Thursday, June 21, 2012

Ireland...The Sequel...except better than sequels, because they suck.

 As promised, here is the second part of my trip to beautiful Ireland. (If you didn't already get to see photos from the first few days in Ireland, click here.) 

After being a little disappointed by Dublin, Ireland had some catching up to do to meet my expectations. I did love the village of Howth, but I was still hoping for a miracle, some phenomenal adventure that would make Ireland compare to Scotland. As a little kid, I was always sort of obsessed with leprechauns and St. Patrick's day. I imagined dancing faeries and the like. I was lucky enough to have an awesome mom that turned every little holiday into a big event. She'd make green shamrock pancakes and talk in an Irish accent all day. I would set out leprechaun traps the night before, and when my sister was old enough, I showed her how to make them. My guess is that this sort of instilled in me a love for the country that inspired this fantastic holiday. I still do believe that Ireland holds magic.

 So the three of us girls booked a day tour of the Irish countryside. The tour advertised a trip to a family farm in the Burren, a trip through the Burren, the Cliffs of Moher, and the Portal Tomb. It was all that I wanted and more. It was so strikingly, wildly, magically beautiful. It lived up to and past my expectations. I don't really know how to describe that moment when you've wanted something so badly for so long, and when you finally get it, it's better than you ever expected. But if that's ever happened to you, you'll know what I mean. Get ready to see a lot of green.

We took a bus from Dublin to Galway, then rode down little winding roads until we pulled up in front of just a normal looking house. "Cottage" if you want to be quaint. So there we were starting our tour off at some Irish family's farm! It was so cute, nestled between the rocky hills of the Burren. All the mountains in the area are privately owned, so in order to go anywhere, you have to have the property owner take you. So the son of the family took our tour group on a hike up the hills, past their cows and sheep (he fed a baby lamb for us, it was so stinkin cute). 

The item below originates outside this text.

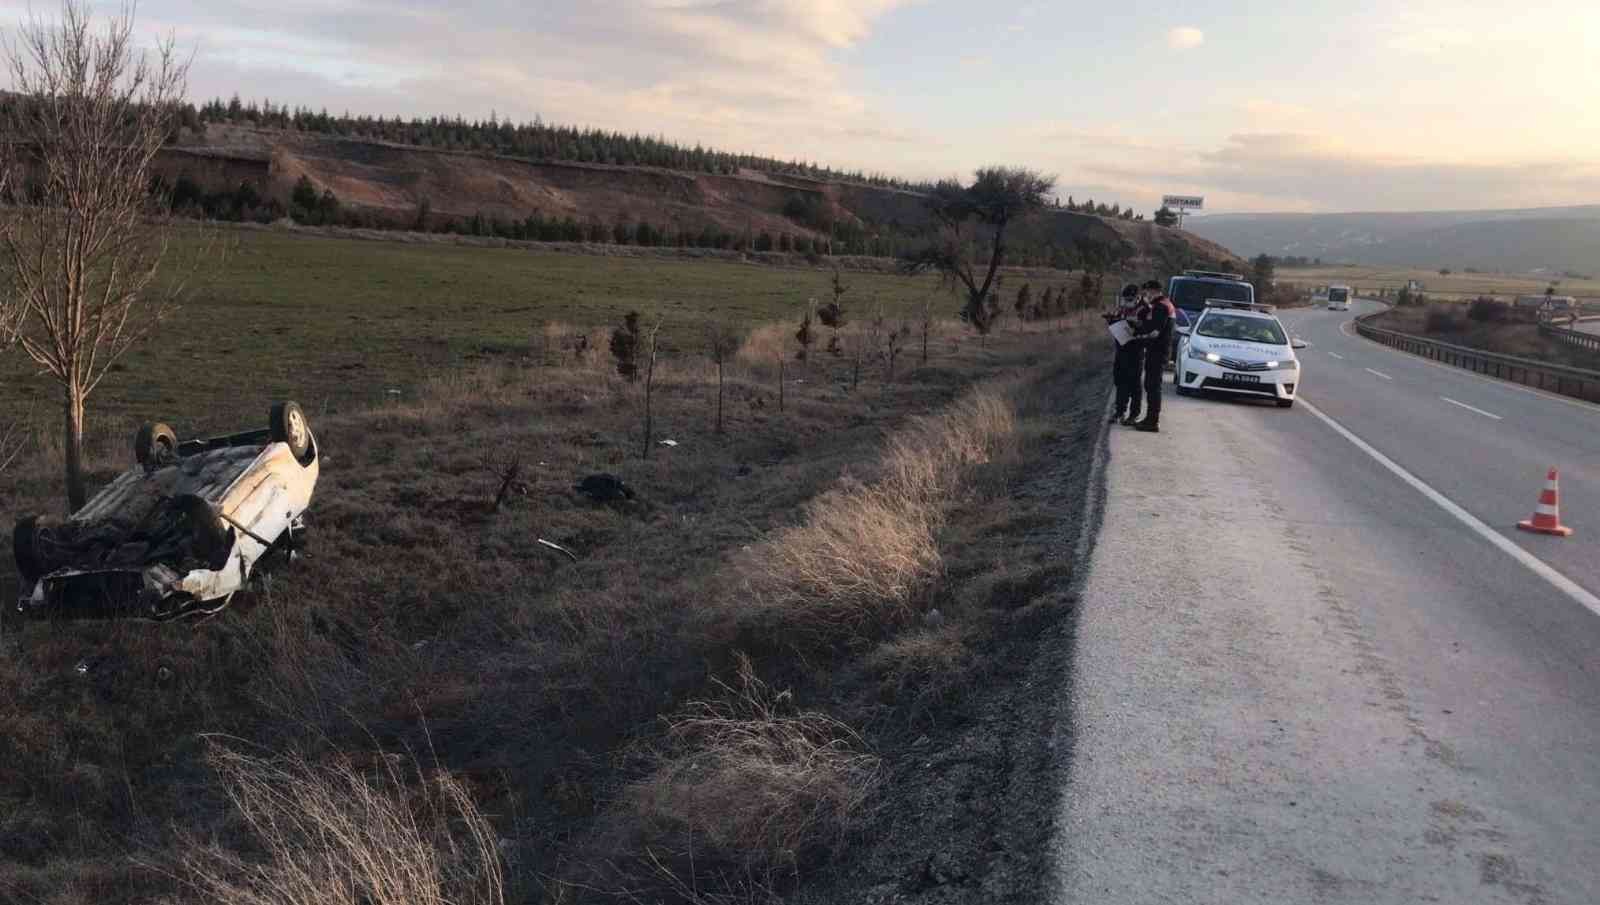 Eskişehir’de otomobil takla attı: 1 ölü, 1 yaralı #eskisehir

He showed us a "fairy tree" where you can tie your problems onto it, and leave them there forever. Then he made us lie down in the grass and lay absolutely quiet for a  minute. We could hear the wind rustling along the mountains and through the grass. Getting up, expecting some profound statement after that profound moment, he just told us, "Now you know what Burren cows feel like." Unfortunately, I didn't  see any fairy circles or leprechauns But from the top of the farm, I could see the coast, the ruins of an old Abbey, and some ruins of the "seven churches" (of which there were only ever four. ) 

In case you were wondering what The Burren is, it's characterized by the rocky mountains (see below). A mystical, lonely, yet calm, peaceful, friendly place.

After the hike around the farm, we were treated (although we paid for it) to Irish coffee and maybe the most delicious apple pie I've ever eaten. Our tour guide (aka family son) even sang some traditional Irish songs for us and taught us the chorus. It was great fun. Ladies, if you're wondering: get yourself a man with a cute Irish accent who sings and feeds baby sheep and believes in faeries. 

From the farm, we got back on the bus and made a pit-stop closer to the coast to admire the rocky Burren shore. SO MANY ROCKS. (In case you were wondering why Ireland is full of cute stone fences instead of wood, it's simply because when they clear the land for farming, they have to do something with all those rocks).

The Cliffs of Moher were next, and they are extremely self-explanatory. Although when Emily asked the visitor centor lady how many tourists died, she corrected us to "visitors" and said she didn't know. Hmm. Also take note of how small the people are, and how small the castle on the far cliff is (the castle is probably about ~45 feet tall). 

The rain clouds started to settle in

After the cliffs, we headed to the Portal Tomb, or "Hole of Sorrow" as our bus-driver guide translated for us...which made us giggle...a lot. Oh man, I'm a terrible person. Anyway, it really was soooo amazing. It had a surreal feeling. I could almost imagine faeries and leprechauns were real at this point. 

On the way back, we had dinner at a traditional Irish restaurant, where I had the best salmon of my entire life. In fact, it might have been the best MEAL of my entire life (sorry mom). Oh, and we ended our tour with a stop at a castle. I think the guide said it was one of the old O'Brian castles. Ok ladies, update: get yourself a man with a cute Irish accent who sings and feeds baby sheep and believes in faeries AND has the last name of O'Brian!! 

It was probably the most perfect way possible to end my trip to Ireland. I am so glad I got to cross it off my List. I would recommend a trip to anyone that is thinking about going. But I would probably advise picking a different (more traditional) city than Dublin, and I'd also recommend visiting the Giant's Causeway (unfortunately we didn't have time for this, but it looks unbelievable!). Sorry for this post being extremely long! Belgium is next!